Com respeito as observações de processos que ocorrem na bacia e que não foram representados pelo modelo, destaca-se a presença dos sedimentos em suspensão na água no período seco. Como mencionado na seção 6.2, observou-se que as CSS simuladas no período seco subestimaram os valores observados, muitas vezes com CSS próximas a zero. Isso indica que no período em que não ocorrem chuvas o rio possui outras fontes de sedimentos que não aquelas provenientes das encostas para o canal. Essas fontes podem ser a erosão dos bancos arenosos (FRYIRS, 2013), do leito e das margens (HOOKE, 2003) ou mesmo atividades de mineração (LOBO et al., 2016).

Dentro do contexto da conectividade do transporte de sedimentos em uma bacia hidrográfica, os bancos arenosos (Figura 6-17) podem ter um papel importante no suprimento de sedimentos no canal (FRYIRS, 2013).
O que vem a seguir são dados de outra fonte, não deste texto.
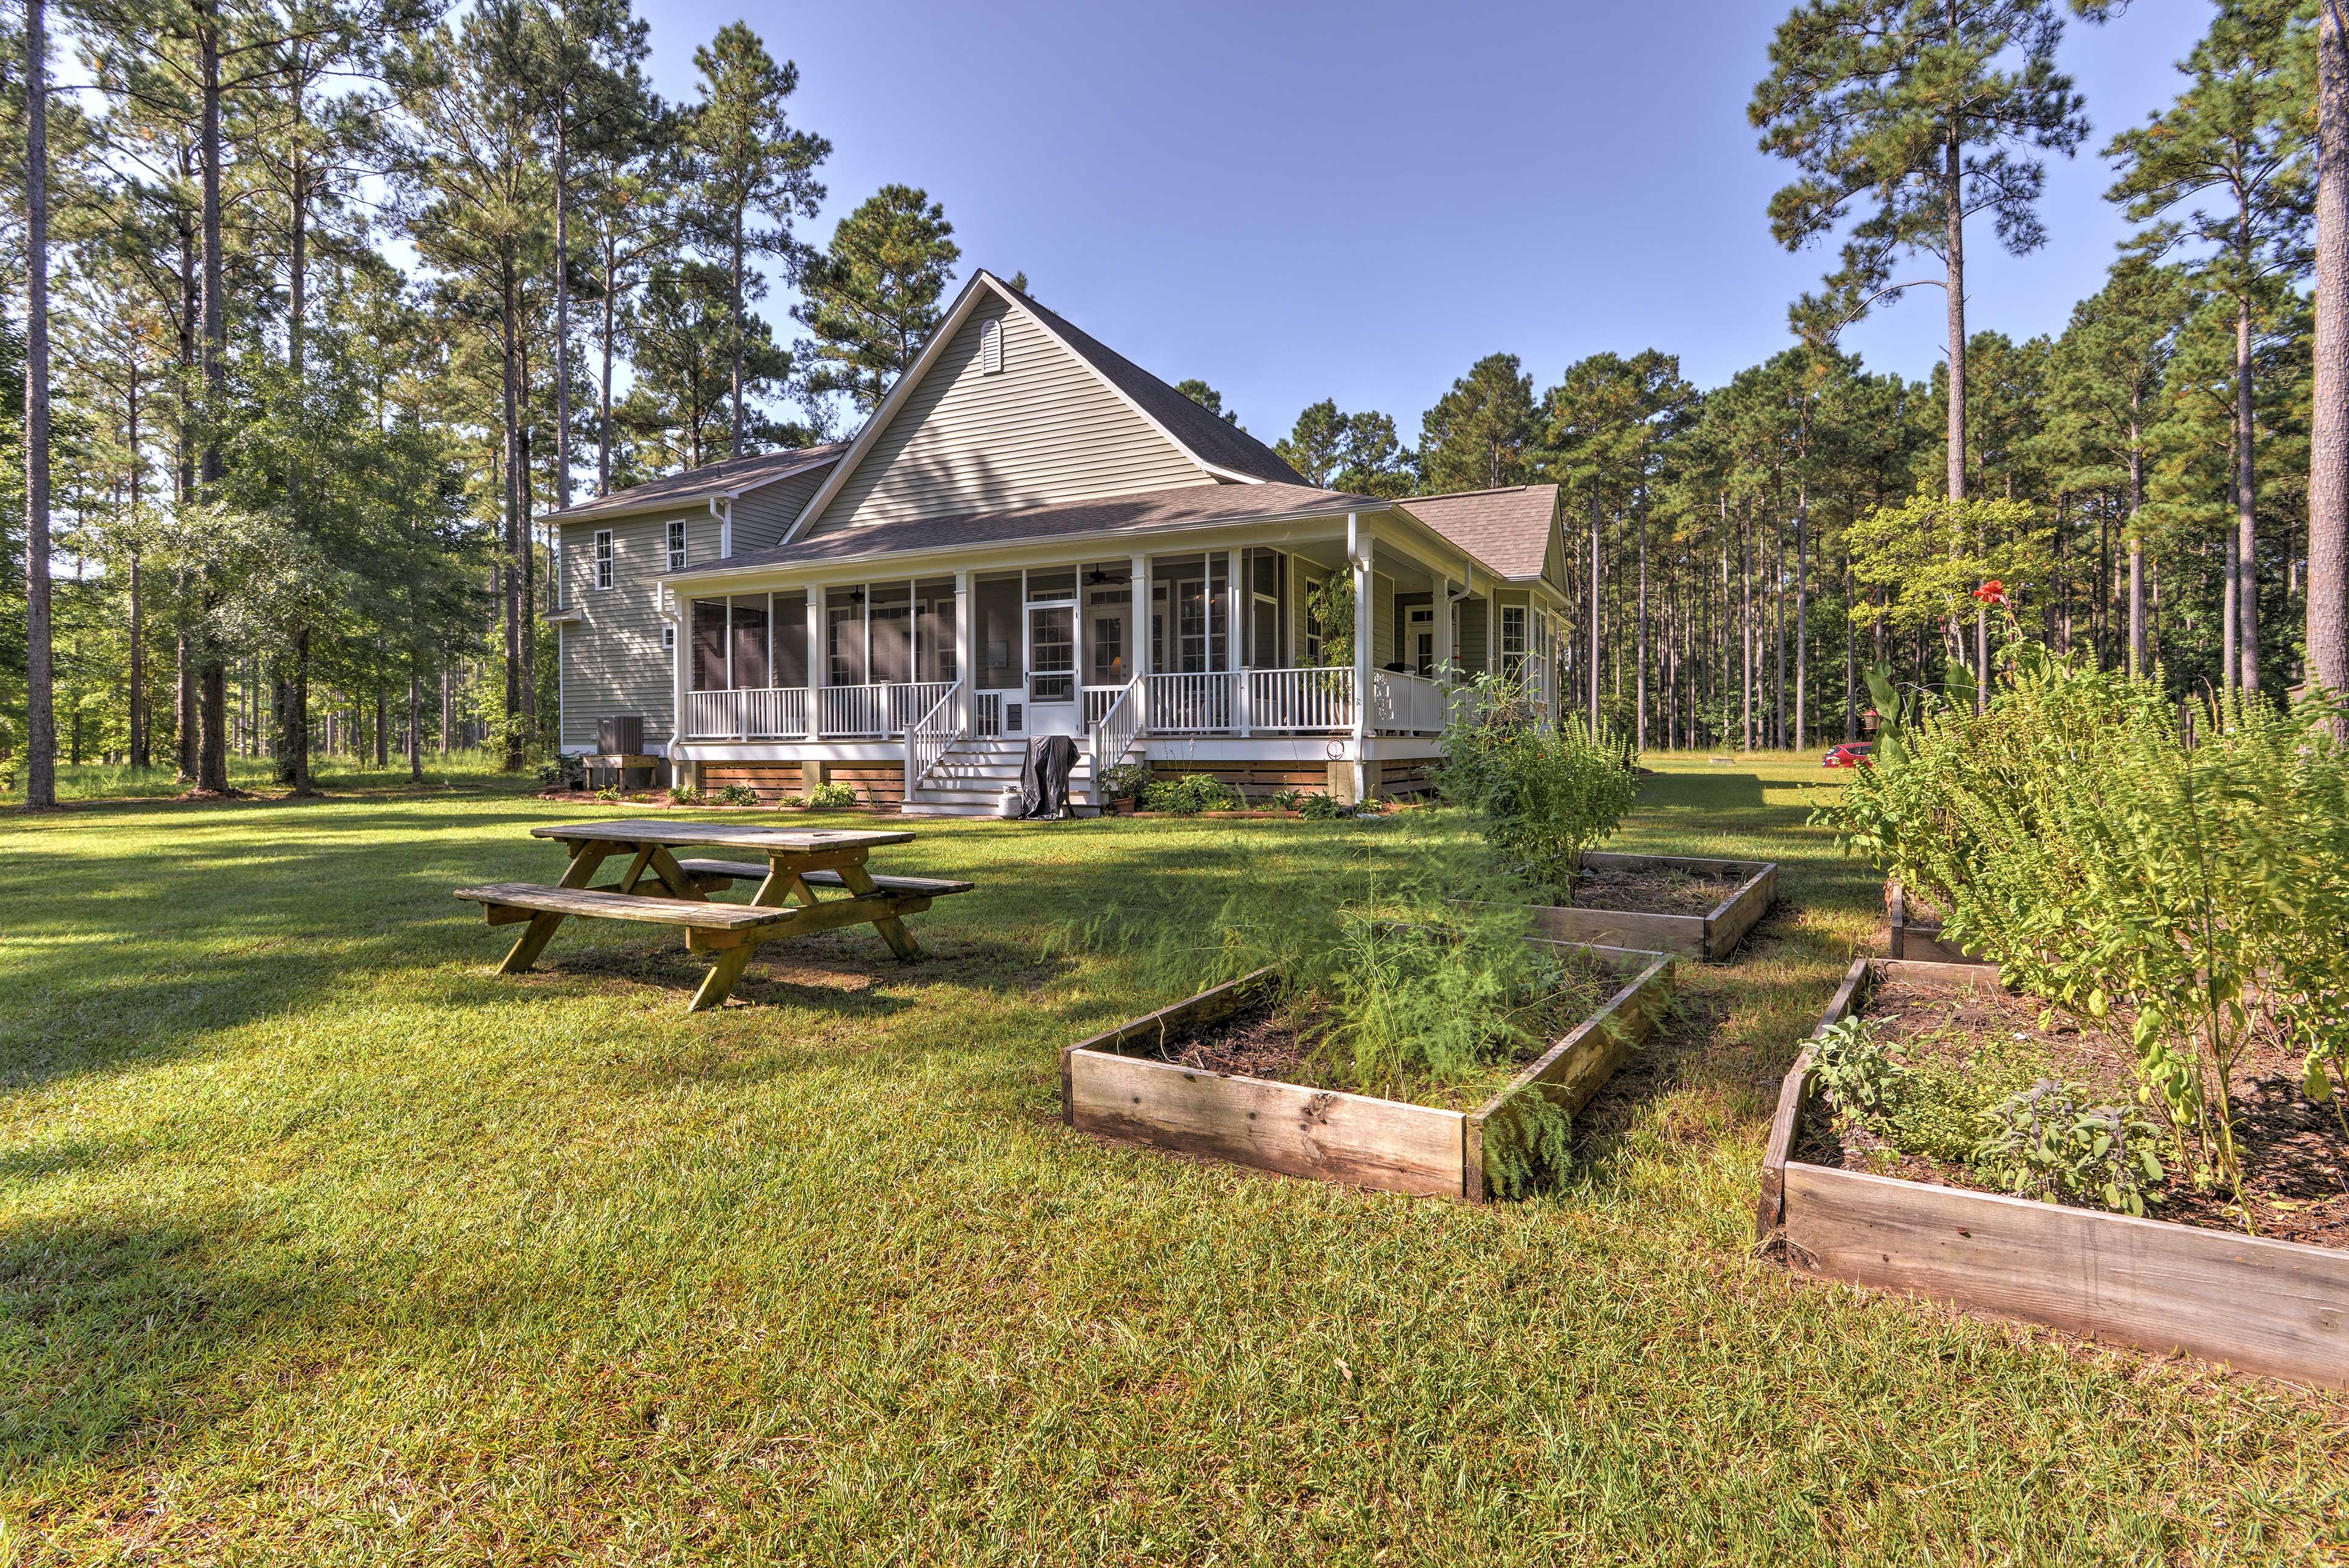 Enjoy an al fresco barbecue gathered around this outdoor picnic table.
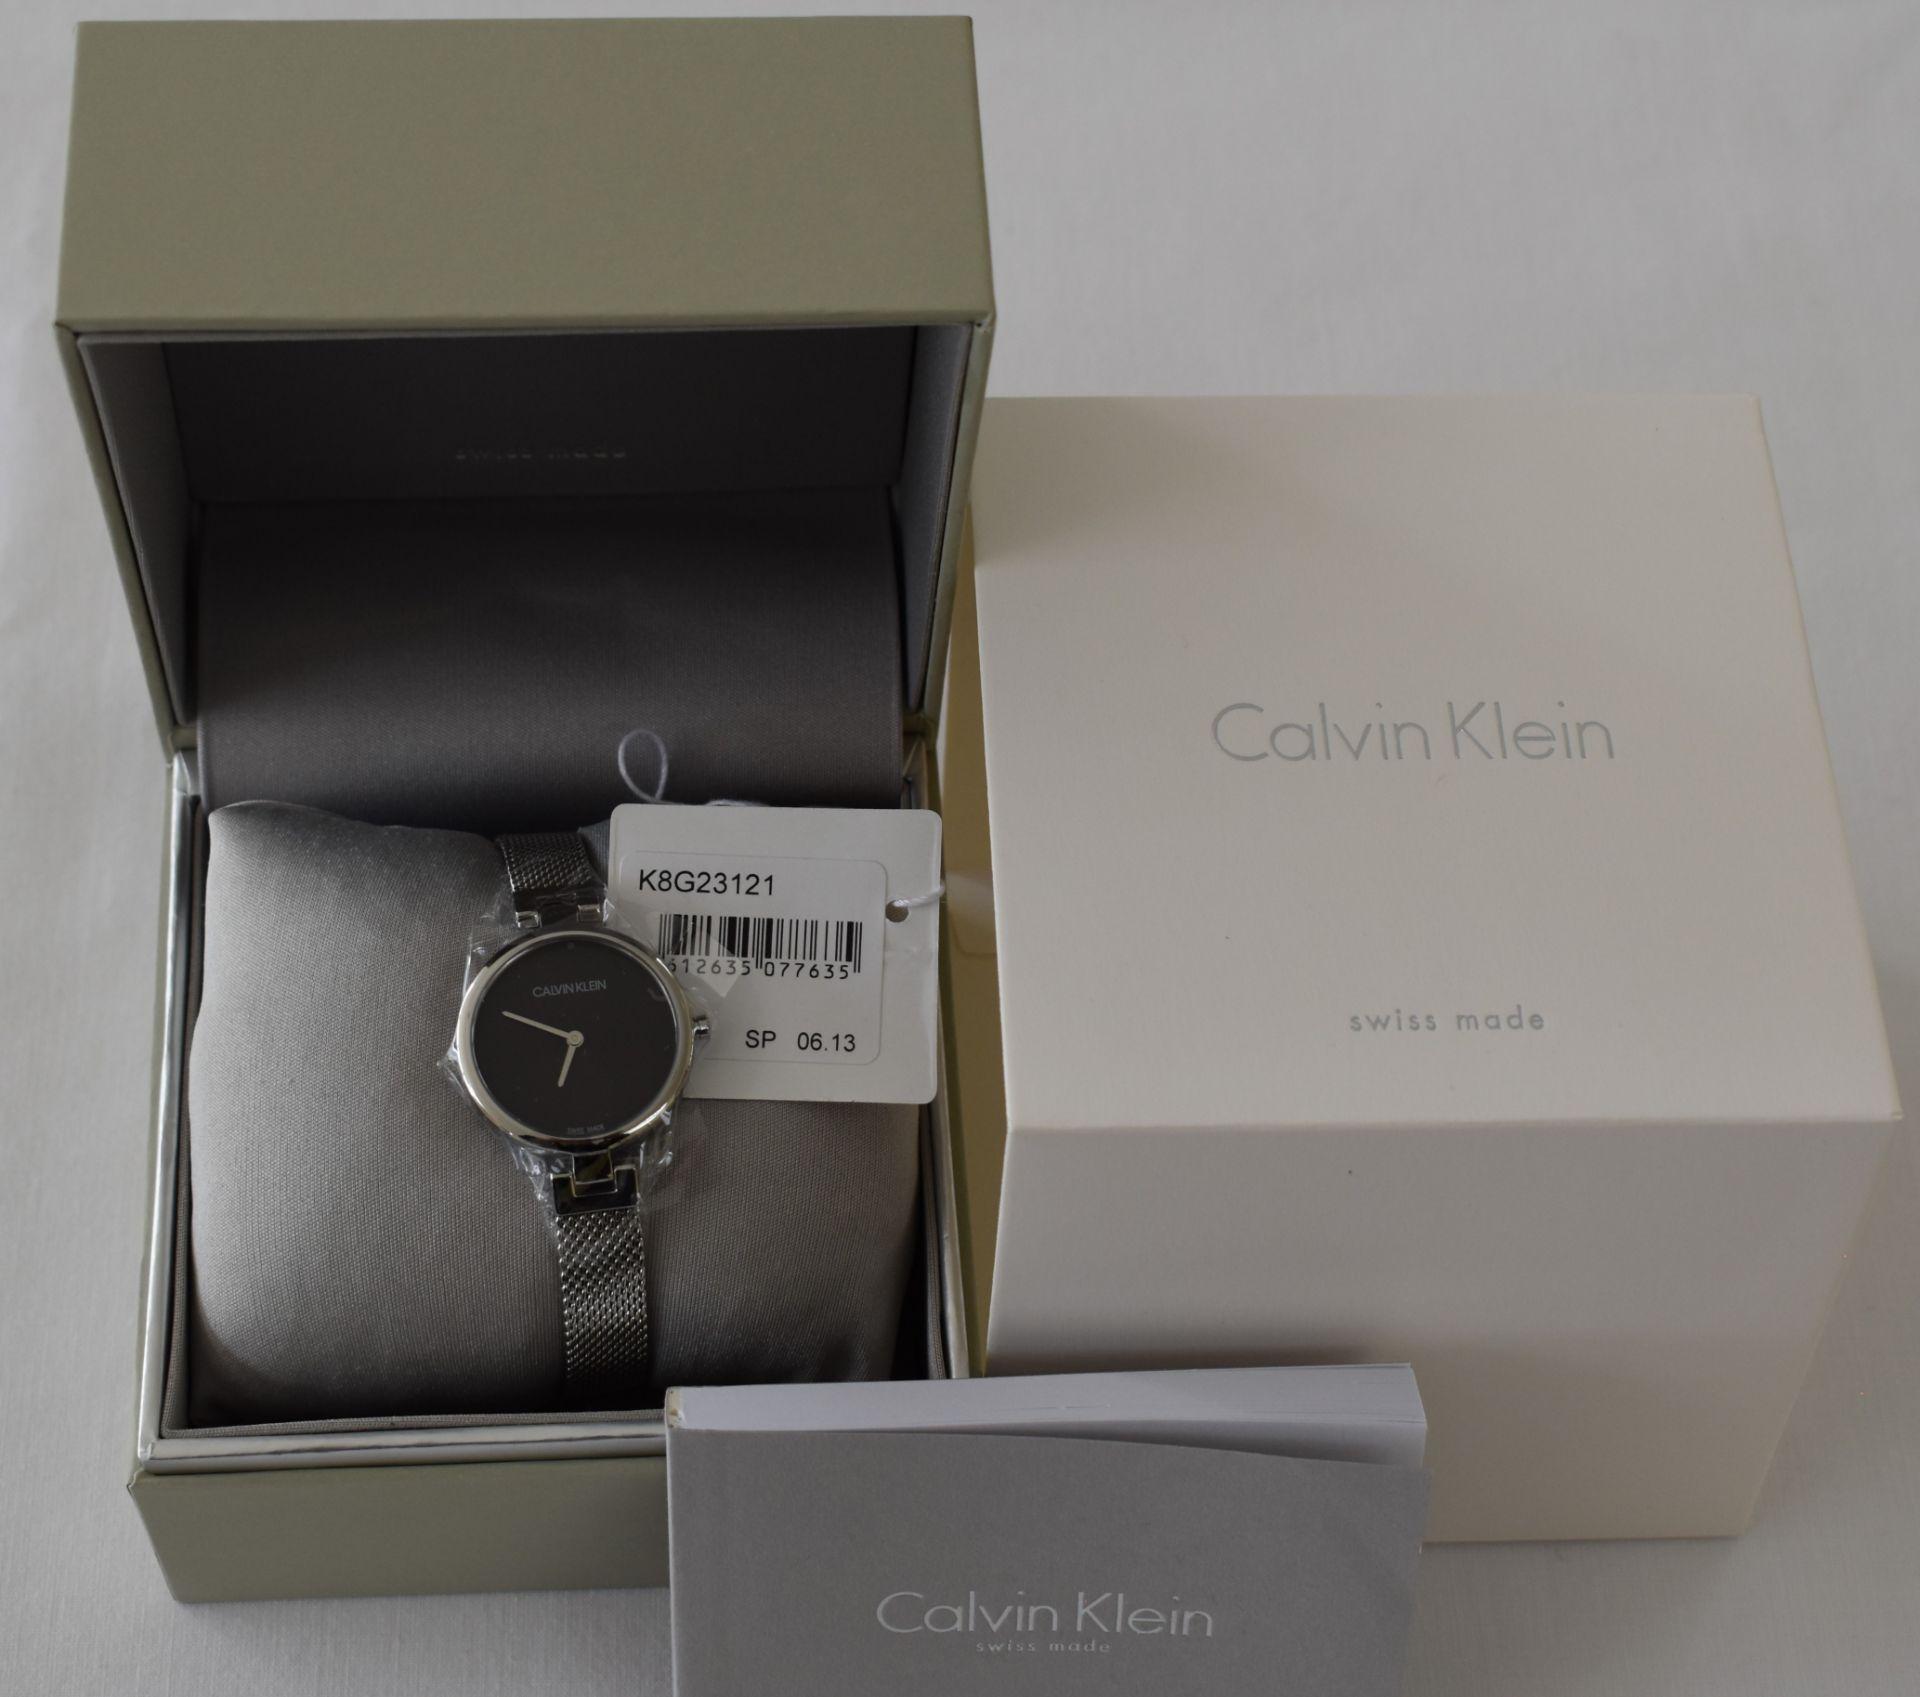 Calvin klein K8G23121 Ladies watch - Image 2 of 2

Como se sabe, a quantidade de sedimentos na bacia é alta e a maior parte desses sedimentos correspondem às

frações de silte e argila (Tabela 5-6). É possível que parte dos sedimentos em suspensão sejam depositados no período chuvoso e fiquem armazenados entre os poros dos bancos arenosos, constituídos principalmente de sedimentos grossos e no período seco sejam remobilizados pelo escoamento que possui baixa CSS. Essa conexão existente entre os bancos arenosos, os sedimentos finos e o escoamento no canal é apresentada em Fryirs (2013).

Figura 6-17: Bancos arenosos no trecho do rio Piracicaba, afluente do rio Doce. Imagem do dia 19 de outubro de 2017. Fonte: Google Earth.

O suprimento do escoamento pela erosão das margens ocorre devido à falta de sedimentos no canal, grosseiros ou finos. Hooke (2003) menciona que a jusante de um trecho de rio estável o canal é muito ativo, mas os depósitos de material grosseiros não são o suficiente para suprir o déficit de sedimentos em suspensão, o que faz com que os sedimentos finos sejam erodidos das margens. Os sedimentos com granulometrias maiores são transportados principalmente quando as vazões são altas (período em que a energia do escoamento é maior), enquanto que proporcionalmente a quantidade de sedimentos finos transportados diminui (LIN et al., 2017).

A interação canal-planícies também apresenta um papel importante nos fluxos de sedimentos (FRYIRS, 2013). As planícies possuem tanto a capacidade de reter sedimentos como de alimentar o canal com os sedimentos nela depositados, através do processo de ressuspensão. Na versão do MGB-SED utilizada nesse trabalho, não foi utilizado o módulo de conexão lateral entre as planícies e o canal. Contudo, Buarque (2015) demonstrou que ao considerar esse módulo o MGB-SED conseguiu

representar de forma mais adequada os processos de retenção de sedimentos nas planícies da bacia do rio Madeira.

A Figura 6-14, que compara as CSS simuladas com o MGB-SED e observadas, mostrou que o modelo também não representou de forma adequada grandes picos de concentração. Outro fenômeno que não é representado pelo modelo e que ocorre na bacia, como identificado na Figura 6-18, é o deslizamento de massa que contribui com uma grande quantidade de sedimentos para o escoamento. O período entre as imagens da Figura 6-18 compreende uma das maiores cheias já registradas na bacia do rio Doce. Os deslizamentos de terra ocorrem principalmente nas bacias dos rios Suaçuí Grande, Santa Maria do Doce e Caratinga (PIRH, 2010).

Figura 6-18: Movimento de massa numa encosta próximo ao rio Pancas, afluente do rio Doce. a) imagem do dia 18 de julho de 2013 e b) imagem do dia 05 de maio de 2014. Fonte: Google

Earth.

Outra fonte pontual que contribui para o aumento da carga de sedimentos são aquelas provenientes da mineração (LOBO et al., 2016). Essa atividade é histórica na bacia (HORA et al., 2012) e é realizada em diversas áreas, principalmente nas regiões de cabeceira dos rios do Carmo e Piracicaba (Figura 6-19). Esse tipo de fonte não está incluído no modelo e, portanto, se as observações apresentam valores elevados de CSS, é possível sugerir que algum tipo de fenômeno anômalo ou associado a atividades antrópicas ocorreu na bacia. Esse é o caso do rompimento da barragem de rejeitos de Fundão, localizada no município de Mariana-MG, que não poderia ser representado de forma natural pelo modelo, mas que foi observado a partir de imagens de sensoriamento remoto (FAGUNDES et al.,2017).

Figura 6-19: Áreas de mineração na bacia do rio Doce.